10.3 SixSq’s obligation under this warranty shall be limited to making good by repair or replacement at SixSq’s option any defect in the Goods which appears before the expiry of the Warranty Period or, at SixSq’s option, reimbursing the price received by SixSq for the Goods. Goods subject to repair within the Warranty Period will be returned to Customer at no charge. Goods that are ‘out of warranty’, or where Goods have been mishandled by Customer, will be subject to a repair and evaluation charge and Customer must pay in advance the cost of returning the Goods.
10.4 SixSq’s obligation shall not extend to failure caused by fair wear and tear, accidents, misuse, neglect, improper maintenance, failure to observe SixSq’s operating instructions, excessive loading, use of any unsuitable material, repairs or modifications to the Goods which have been made without SixSq’s approval, or which result from designs and specifications provided by Customer, instructions given by Customer, software and firmware programs developed by Customer and used in or with the Goods, third party software, fibres, components or equipment and more generally by defects for which Customer is to blame or which are caused by activities performed by Customer without SixSq’s written consent, or resulting from other reasons beyond SixSq’s reasonable control.
10.5 This warranty is in place of and excludes to the fullest extent permitted by law, all other warranties and conditions, whether oral, written, statutory, express or implied.
For any Goods that must be returned by Customer to SixSq e.g. defective Goods under Clause 10 or Goods that must be returned after the rental period, Customer must follow SixSq’s process for collection and/or return of Goods described in Appendix 1 (Collection/Returns Process).
12.1 SixSq warrants to Customer that the Services shall be provided using reasonable care and skill.
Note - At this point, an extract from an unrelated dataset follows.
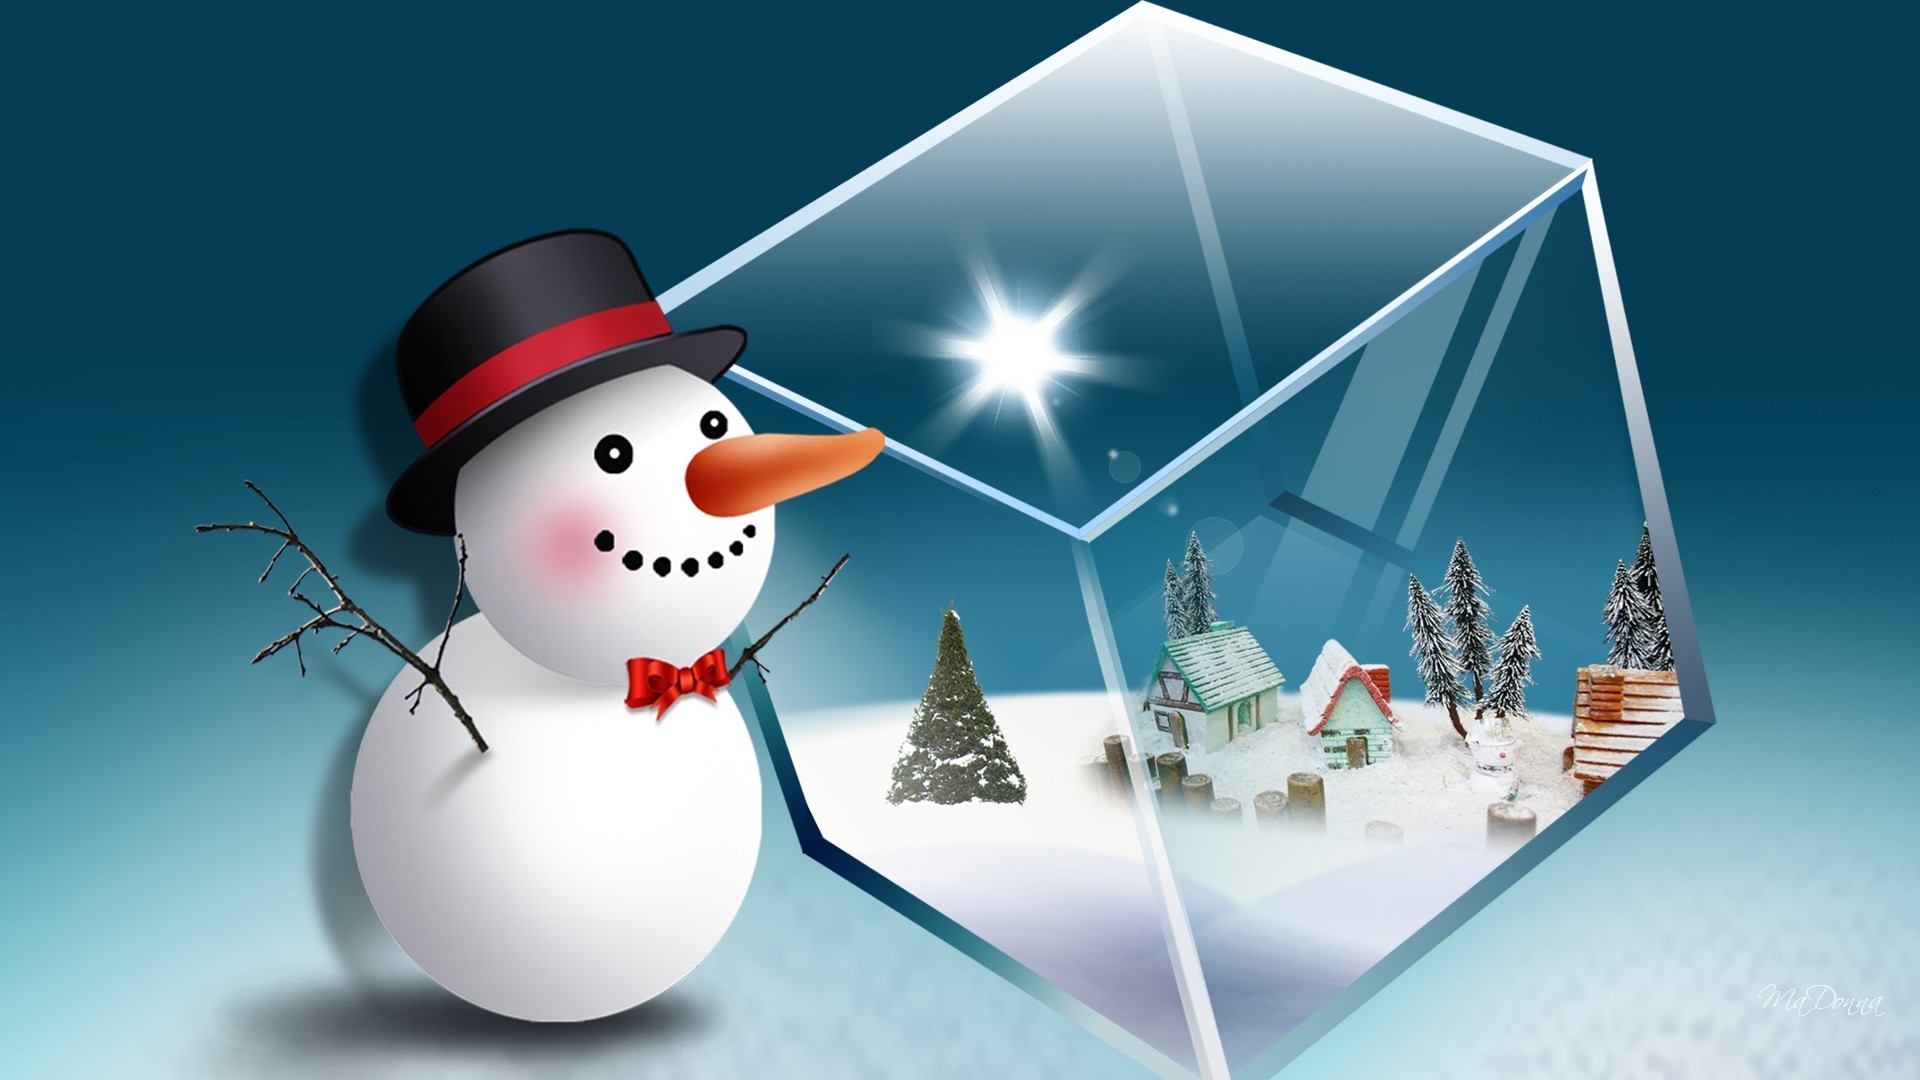 1920x1080 ... Snow Globe Live Wallpaper - Android Apps on Google Play ...

This warranty expires immediately when the Service ends.
12.2 SixSq shall use all reasonable efforts to meet any performance dates specified in the Contract, but any such dates shall be estimates only and no penalties or liquidated damages shall be payable for late delivery.
12.3 SixSq shall have the right to change, modify or cease providing Services to the extent necessary to comply with any applicable law, third party or safety requirement, or which do not materially affect the nature or quality of the Services, and SixSq shall notify Customer in any such event.
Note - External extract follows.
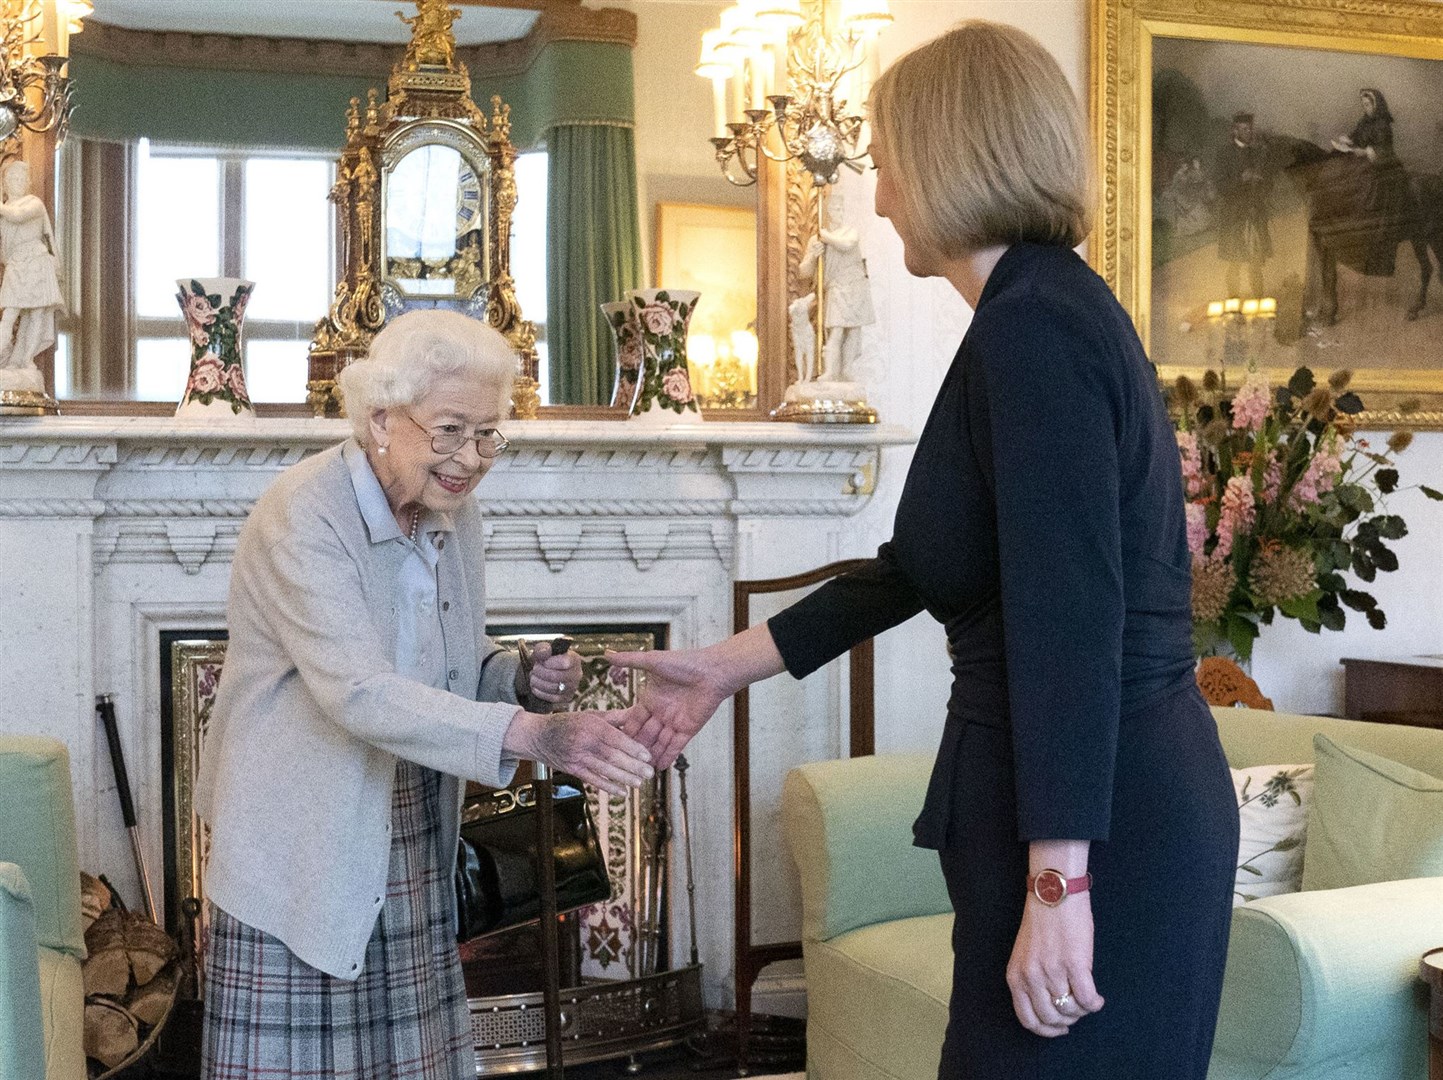 Queen Elizabeth II welcoming Liz Truss at Balmoral, Scotland to appoint her as prime minister (Jane Barlow/PA)

12.4 SixSq will use reasonable efforts to tell Customer in advance when the Services are not available including for routine and unscheduled maintenance. For any unexpected downtime or for things beyond SixSq’s reasonable control SixSq will tell Customer what happened and will do its best to improve next time.
12.5 SixSq will as part of the Subscription Services provide Customer with SixSq’s standard customer support services during normal business hours. Further Services packages going beyond SixSq’s standard customer support services are also available. Further details can be provided by SixSq upon request.
13.1 Use of the Services may require compatible devices and software and may require periodic updates and may be affected by the performance of these factors and Customer is responsible for meeting these requirements. SixSq regularly upgrades and updates its Software and in order to make efficient use of the Services (and Software provided) Customer should consult the Software and equipment upgrade, update and installation procedures described on SixSq’s website.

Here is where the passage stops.